Во–первых, историки философии очень часто грешат большой поспешностью в получении общего вывода. Возьмите греческий философский термин «докса». Обычно переводится у нас ничего не говорящим словом «мнение». В учебниках пишут, что это есть та область человеческих представлений, которая весьма неопределенна и текуча в сравнении с чистым мышлением, но она уже есть некоторого рода обобщение в сравнении с неопределенной текучестью чувственных данных. Мне не раз приходилось сталкиваться с необходимостью устанавливать точное значение этого термина.
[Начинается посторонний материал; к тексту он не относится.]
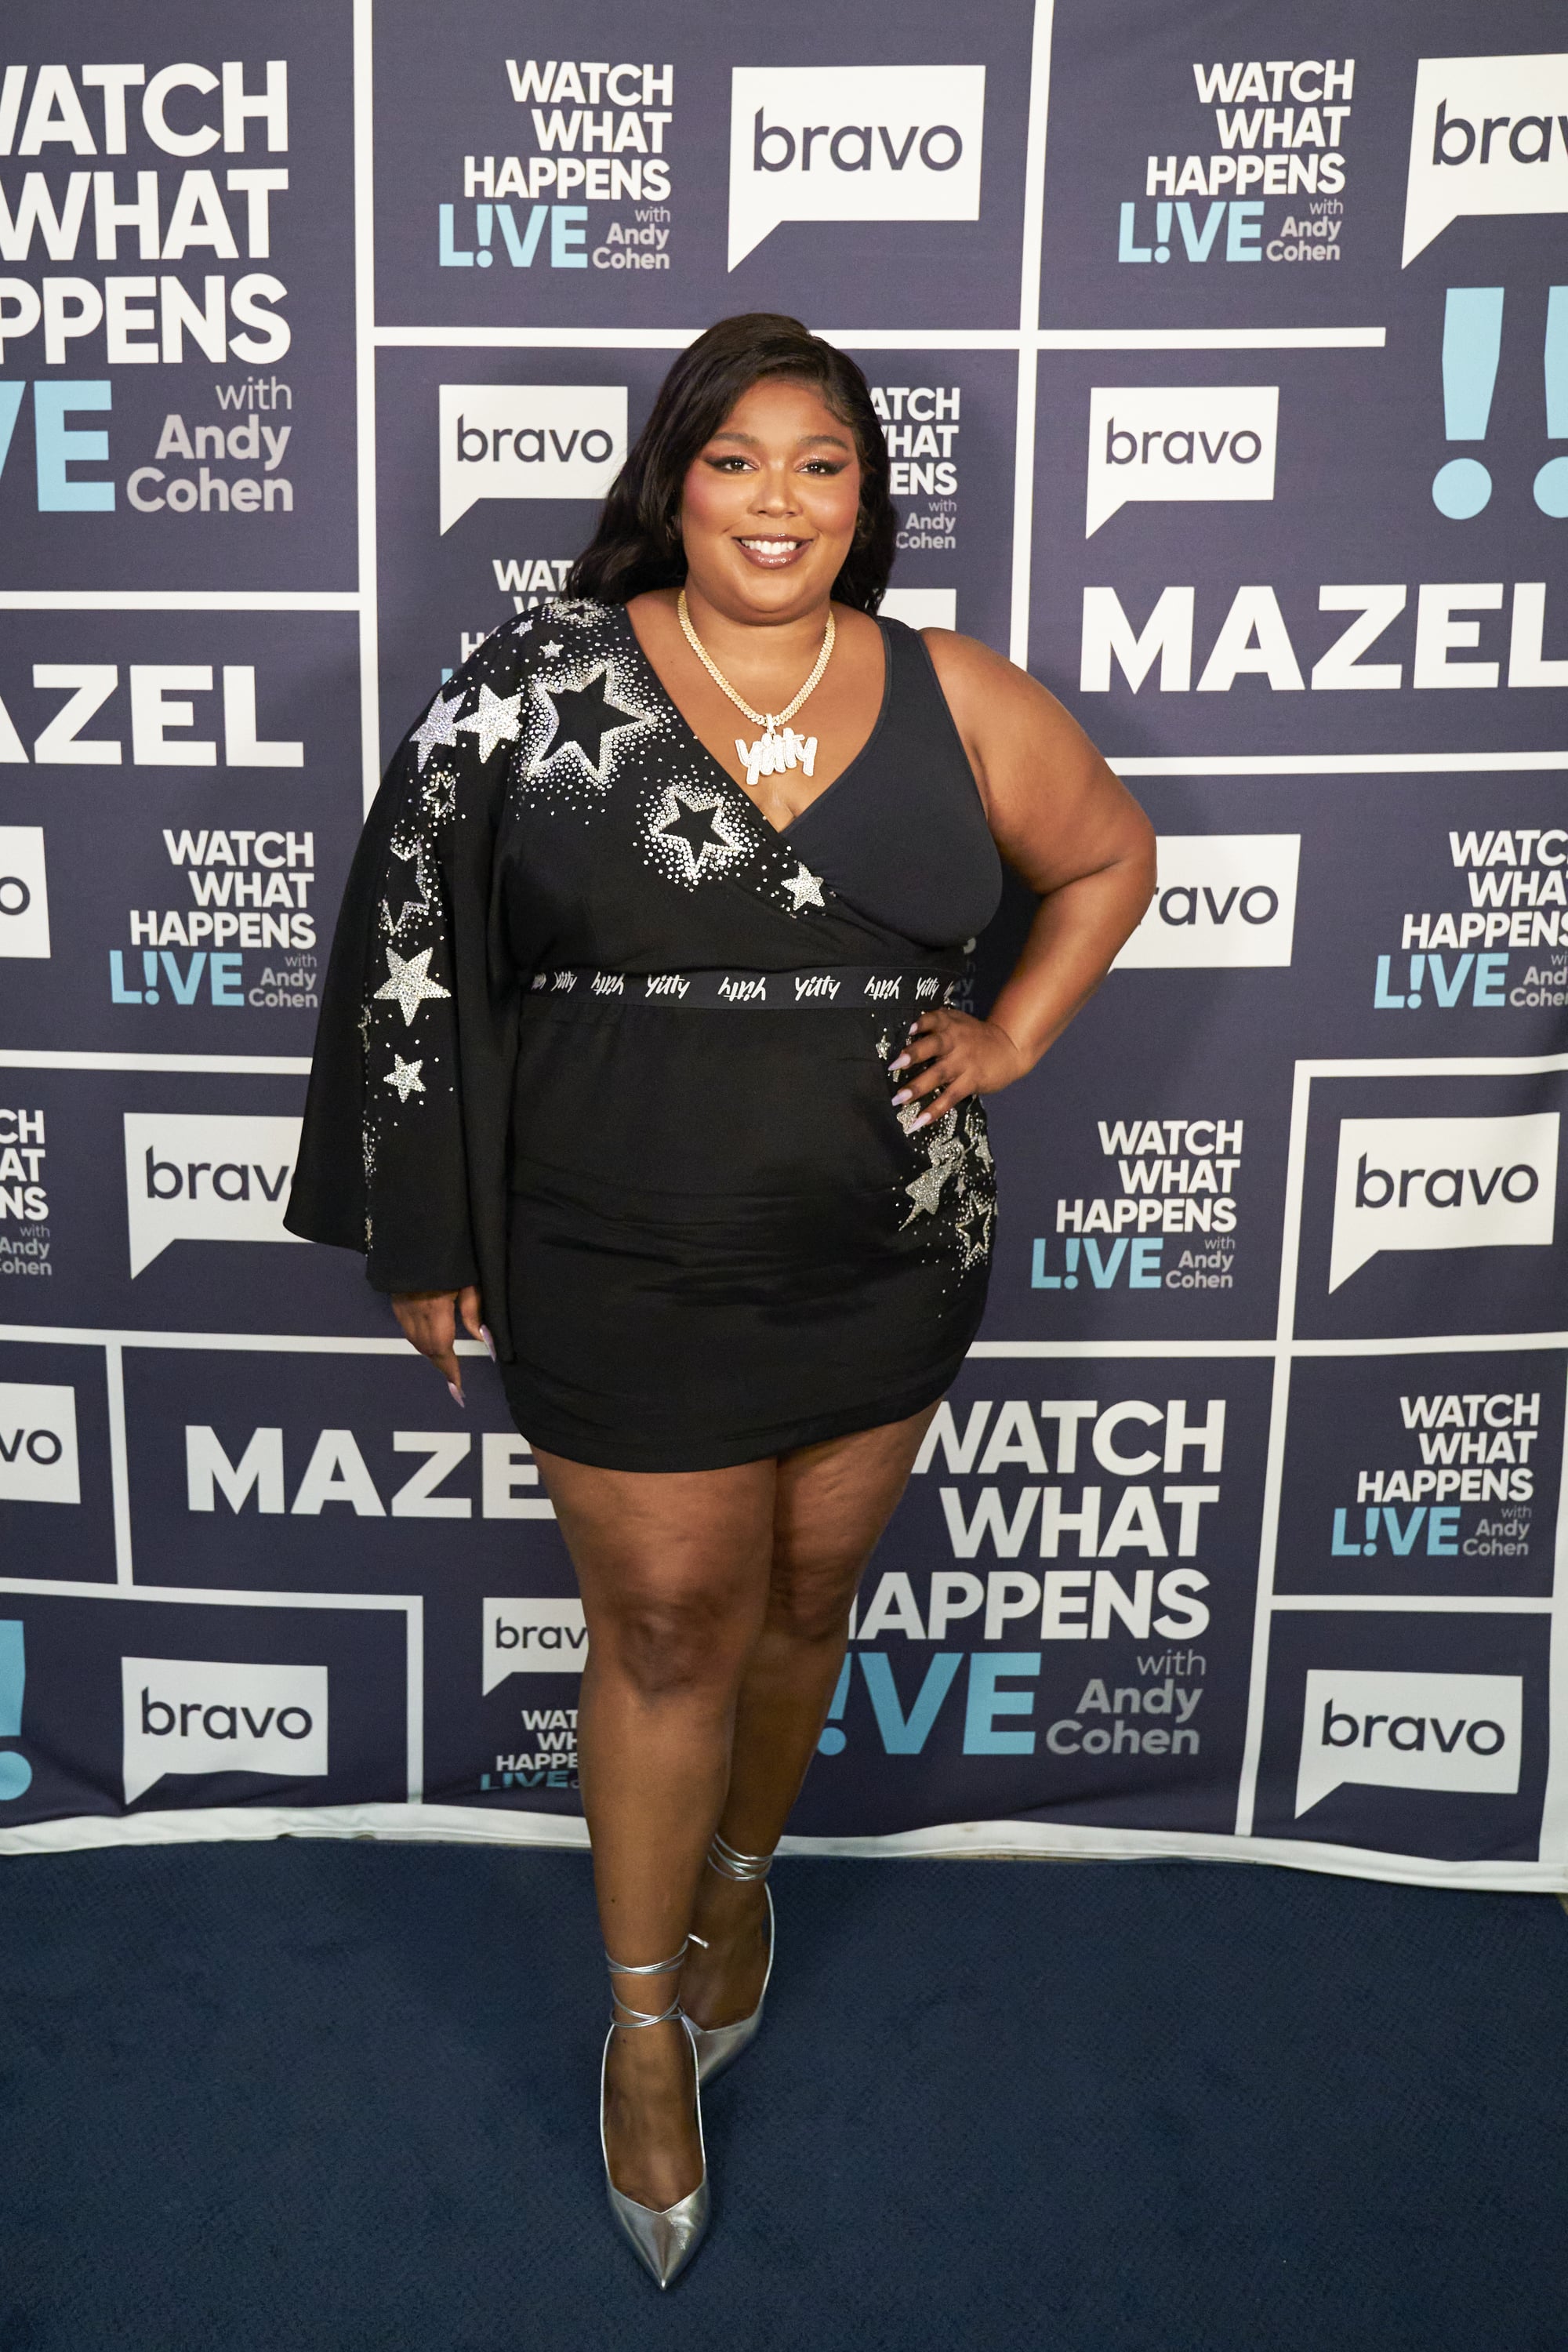 WATCH WHAT HAPPENS LIVE WITH ANDY COHEN -- Episode 19118 -- Pictured: Lizzo -- (Photo by: Michael Greenberg/Bravo via Getty Images)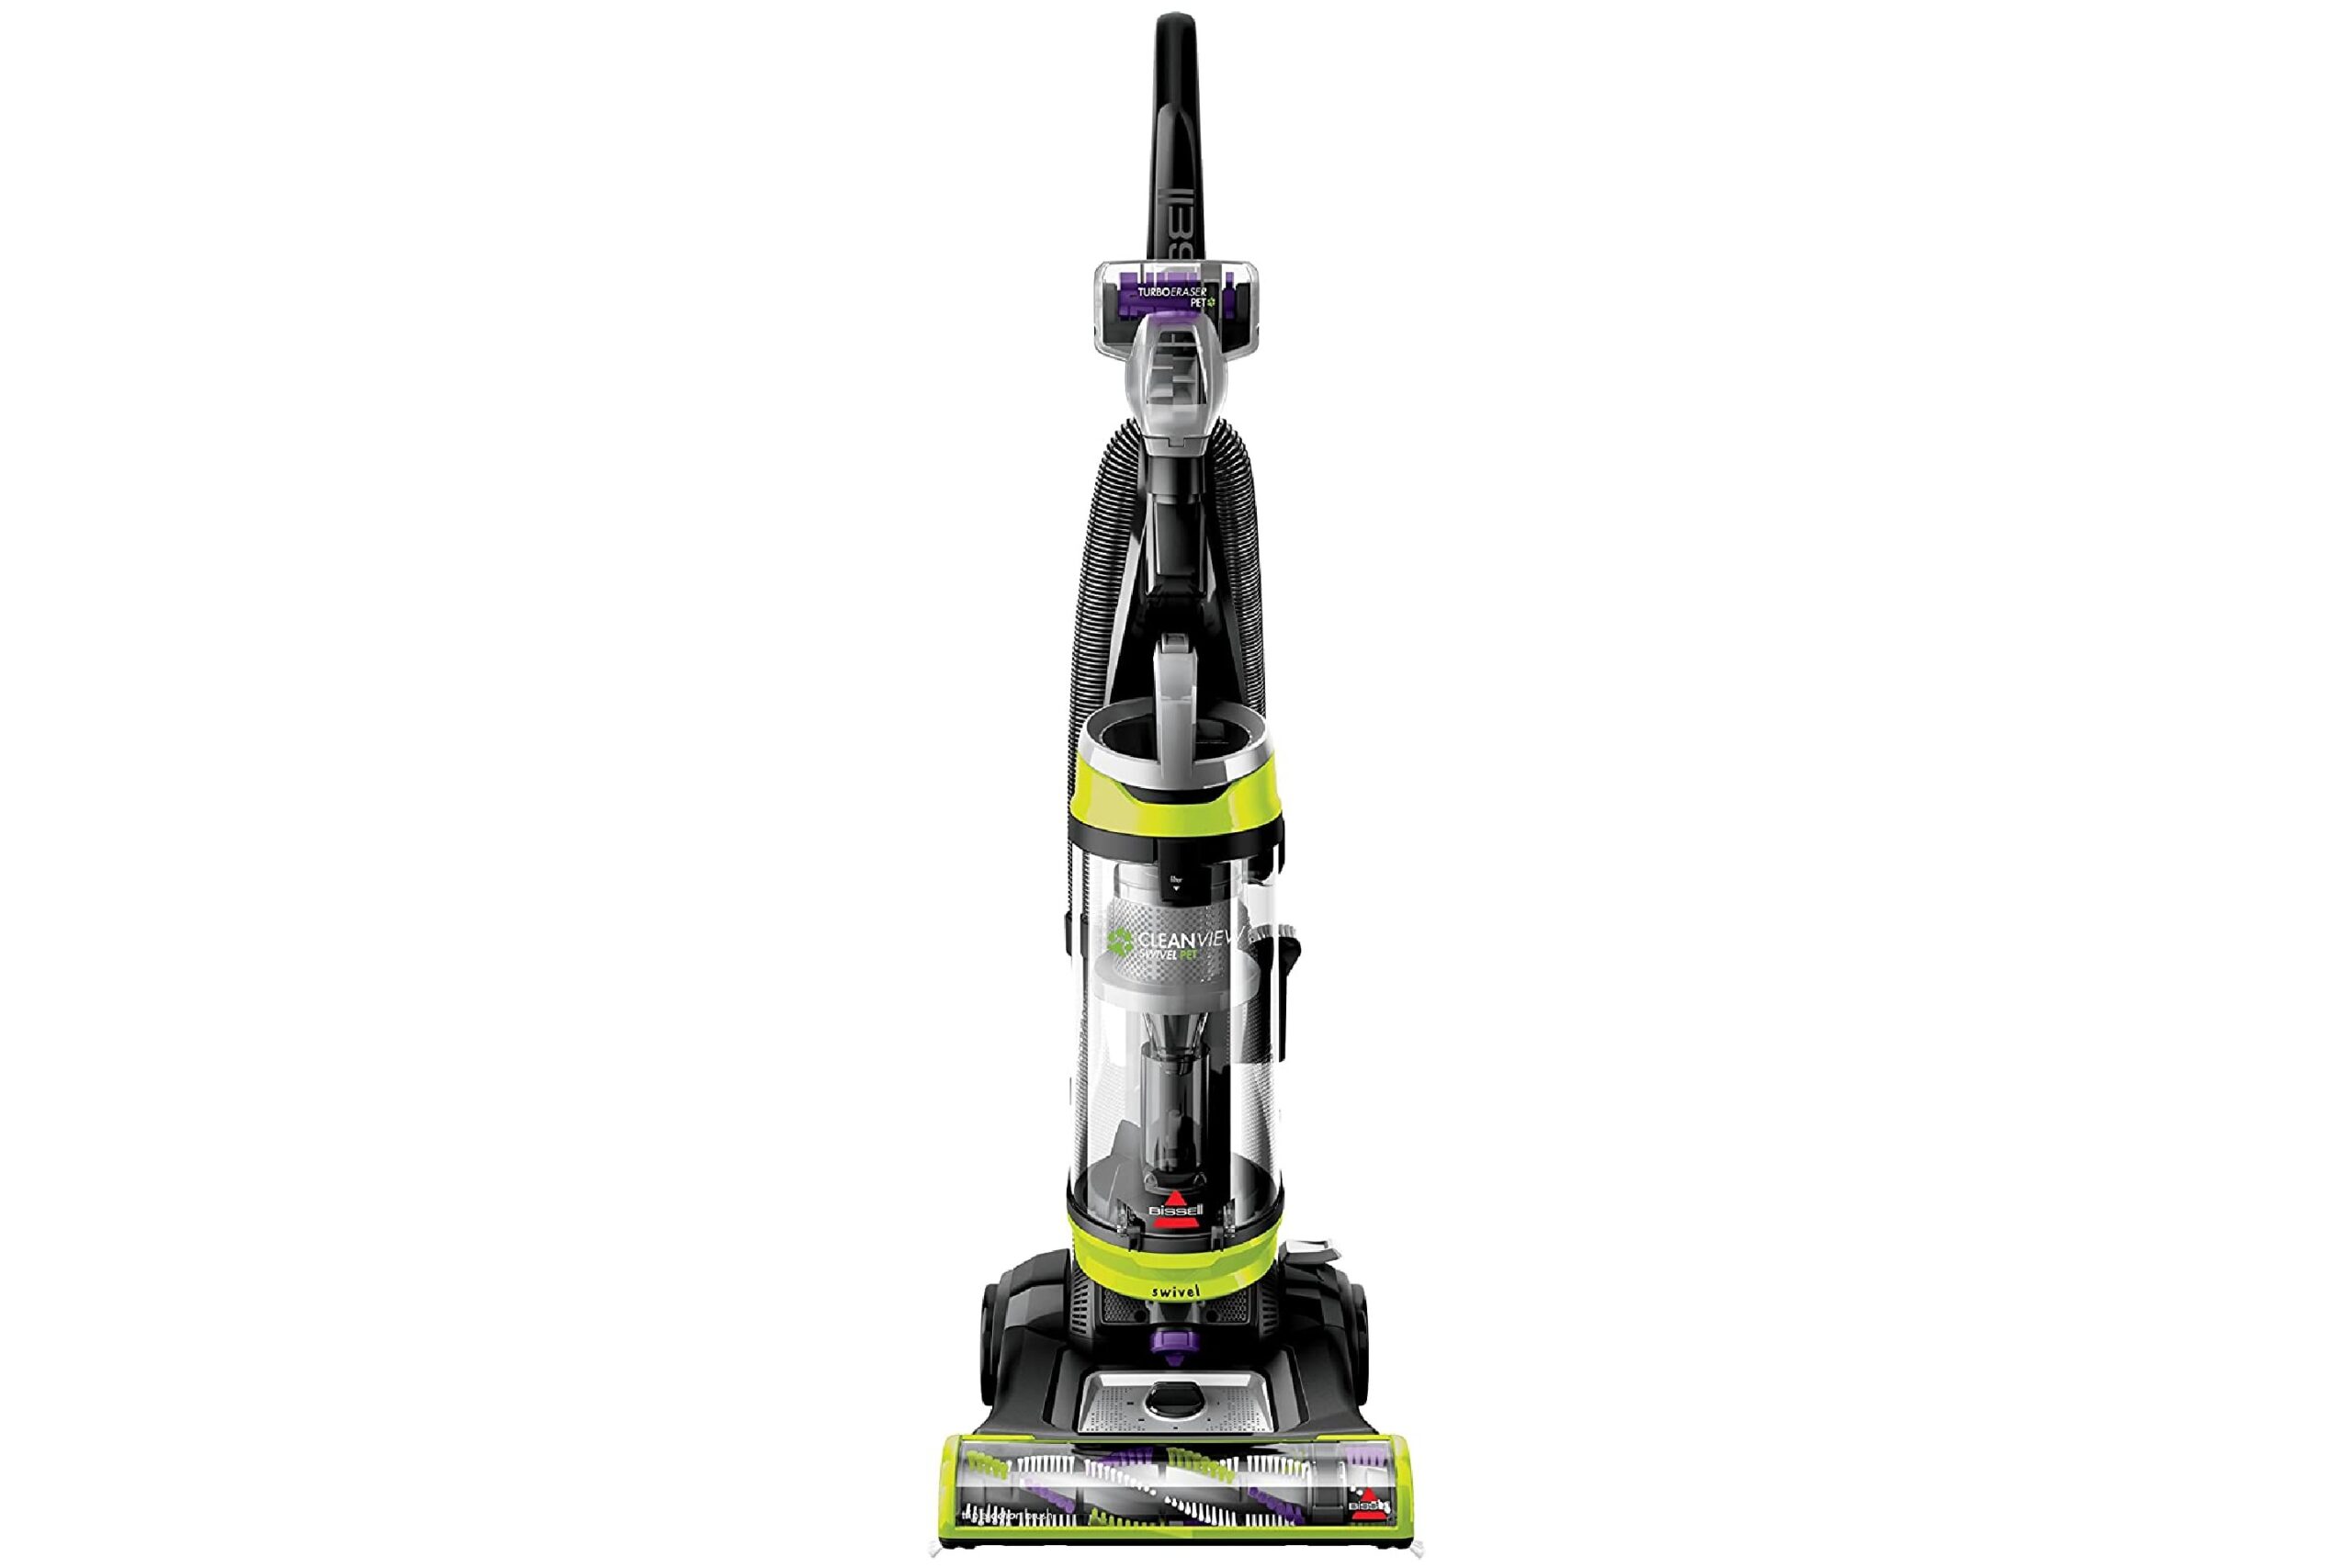 Bissell 2252 CleanView Swivel Pet Vacuum Cleaner

И вот даже на текстах одного Платона (о других философах я уже и не говорю) я убедился, что решающим принципом в данном случае является только контекст. В одних случаях «докса» трактуется настолько близко к чистому мышлению, что делается от него почти неотличимым. А в других случаях этот термин настолько близок к области самого элементарного чувственного ощущения, что вполне разделяет его текучесть, его неопределенность и невозможность выразить с его помощью какое–либо логически явное суждение. Я вас спрашиваю: как прикажете понимать такую «доксу» и как переводить этот термин на русский и другие современные нам языки? Но «докса» здесь только пример. А вот на том, что контекст для каждого термина есть решительно все, я буду настаивать. Правда, это будет значить лишь то, что люди, не знающие древнегреческого языка, не имеют никакого права заниматься древнегреческой философией.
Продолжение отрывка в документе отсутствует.